Selasa, 27 Agustus 2013

Skarf (Cerpen_Riza Multazam Luthfy, terbit di "Jurnal Nasional" edisi Minggu, 25 Agustus 2013)

Pelan-pelan Wina menaruh kue brownies dan secangkir kopi di meja kamar Andre. Tersenyum, ia memasang selimut suaminya yang tengah melorot. Maklum, Minggu pagi adalah waktu balas dendam bagi pekerja yang bermalam-malam sebelumnya dihajar lembur.
Kembali ia menyiapkan sarapan di dapur. Perut ikan bawal yang tunai dibedah telah dicuci. Raungan minyak goreng yang disundut panas dicuri-dengar. Ikan yang sudah tak bernyawa itu dimasukkan ke dalam adonan bumbu yang telah ia diamkan beberapa menit. Tak lama kemudian, dengan hati-hati, ia cemplungkan ikan bawal ke mulut penggorengan. Ketika itulah, ia membayangkan pundaknya tiba-tiba dihinggapi dua tangan lelaki berdada bidang yang datang dari arah belakang. Pura-pura memusatkan pikiran pada menu yang dimasak, Wina tetap melanjutkan pekerjaan hingga aroma ikan menyeruak. Lalu tanpa permisi, lelaki beralis kepak burung camar itu akan melumat bibirnya dan mengecup keningnya dengan lembut. Sangat lembut. Tak lupa katup mulutnya berbisik, “selamat pagi dunia”, seraya melempar senyum manis padanya.

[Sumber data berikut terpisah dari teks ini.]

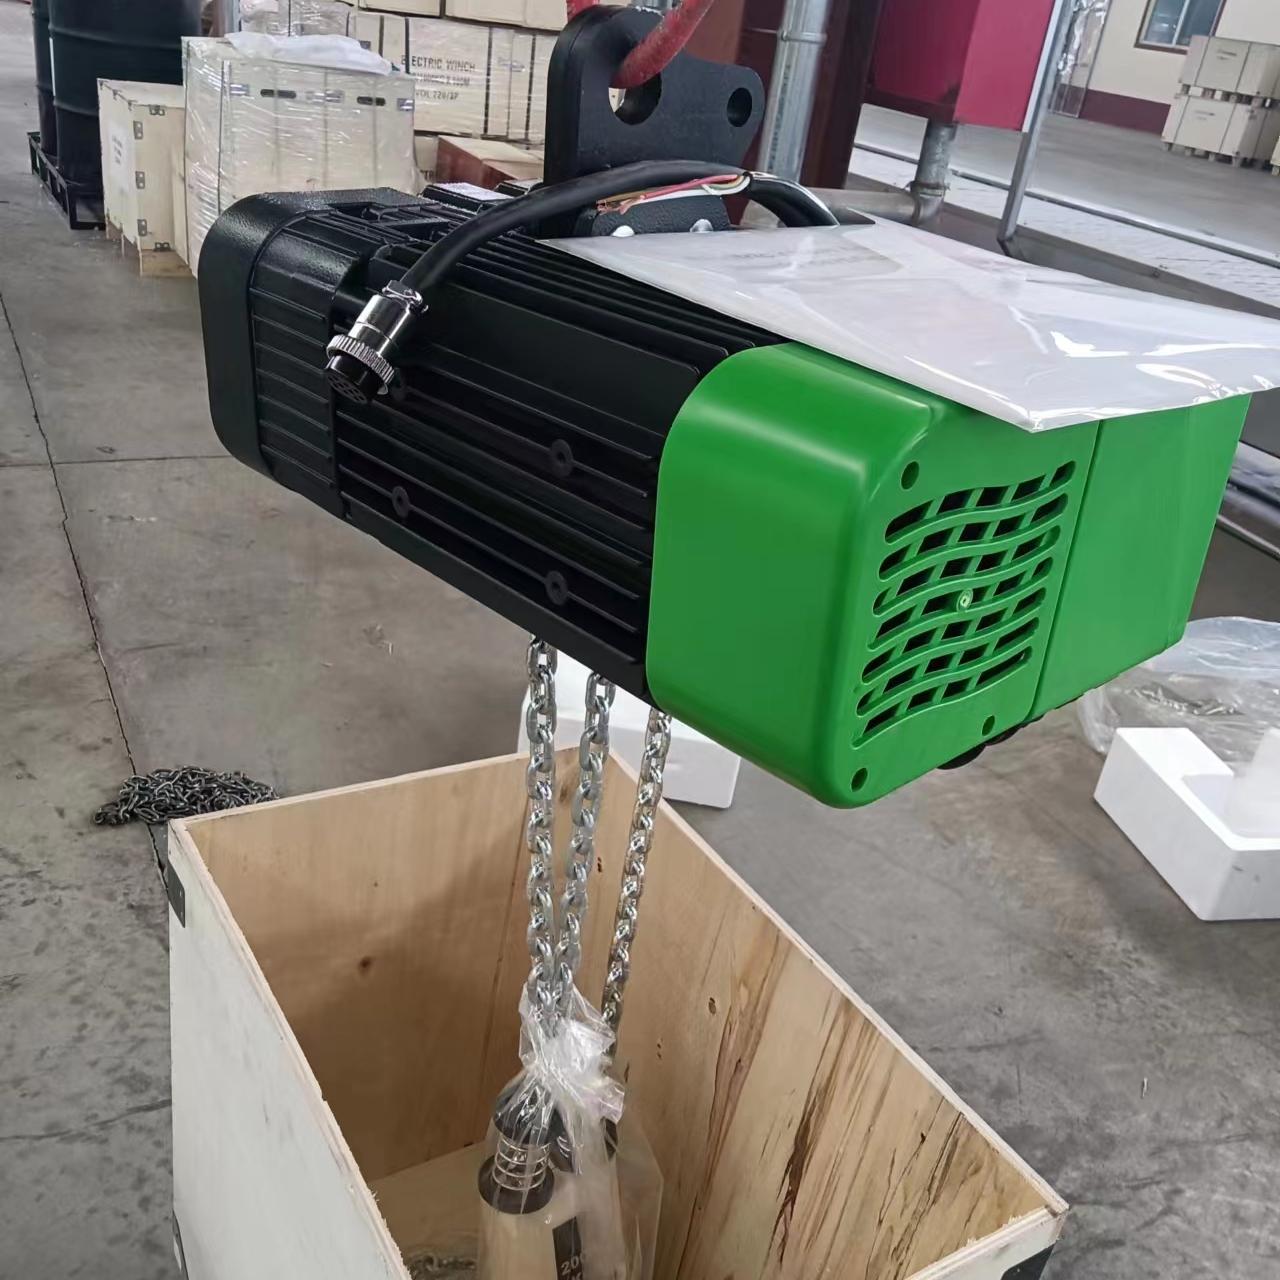 SC type electric chain hoist with trolley

Namun, tidak. Tiada seorang pun menyapa atau bahkan mengagetkannya dengan cumbuan mesra. Guna meyakinkan hatinya, ia menggoyang kepala dan mengalihkan perhatian bola matanya ke arah samping. Siapa tahu suaminya sedang bersembunyi di balik rak piring.
Menggeleng.
Disertai dengusan berat, ia tahu di sekitarnya hanya berderet perabot dan peralatan dapur. Meskipun demikian, Wina begitu bersemangat. Betapa tidak? Setelah selama enam hari memeras peluh, kini, ia bersama suaminya akan bermalas-malasan. Membenamkan diri dalam kisah kasih dua manusia yang bimbang menafsirkan cinta.
Seperti biasanya, ia berencana menumpahkan unek-uneknya selama berada di kantor. Hal itu pasti ia lakukan selepas sang suami menyantap dengan lahap hidangan favoritnya. Begitulah. Bagi pasangan yang terlalu sibuk dengan urusan kerja masing-masing, perbincangan di masa senggang menjadi sarana bertukar keluh paling ampuh. Kesah yang gemar meniupkan kecemasan, dapat berubah menjadi obrolan ringan dan bahan lelucon, jika disampaikan dengan nada riang. Sebab itulah, Wina akan dengan senang hati mewartakan atasannya yang akhir-akhir ini rutin menghadiahkan pekerjaan tambahan, teman perempuan yang mulai menampakkan rasa sayang berlebihan, Pak Satpam yang kerap tepergok memandangi pahanya saat rok mininya terangkat tinggi-tinggi. Itu semua akan diceritakan dengan menggebu-gebu.
Hampir saja terlonjak, bila mana Wina enggan menahan dua kakinya. Terpaksa ia keluar dari alam khayal, gara-gara tangan kanannya tersengat rasa panas. Rupanya, minyak goreng mulai berloncatan, sebab terlalu lama dijemur di atas api.    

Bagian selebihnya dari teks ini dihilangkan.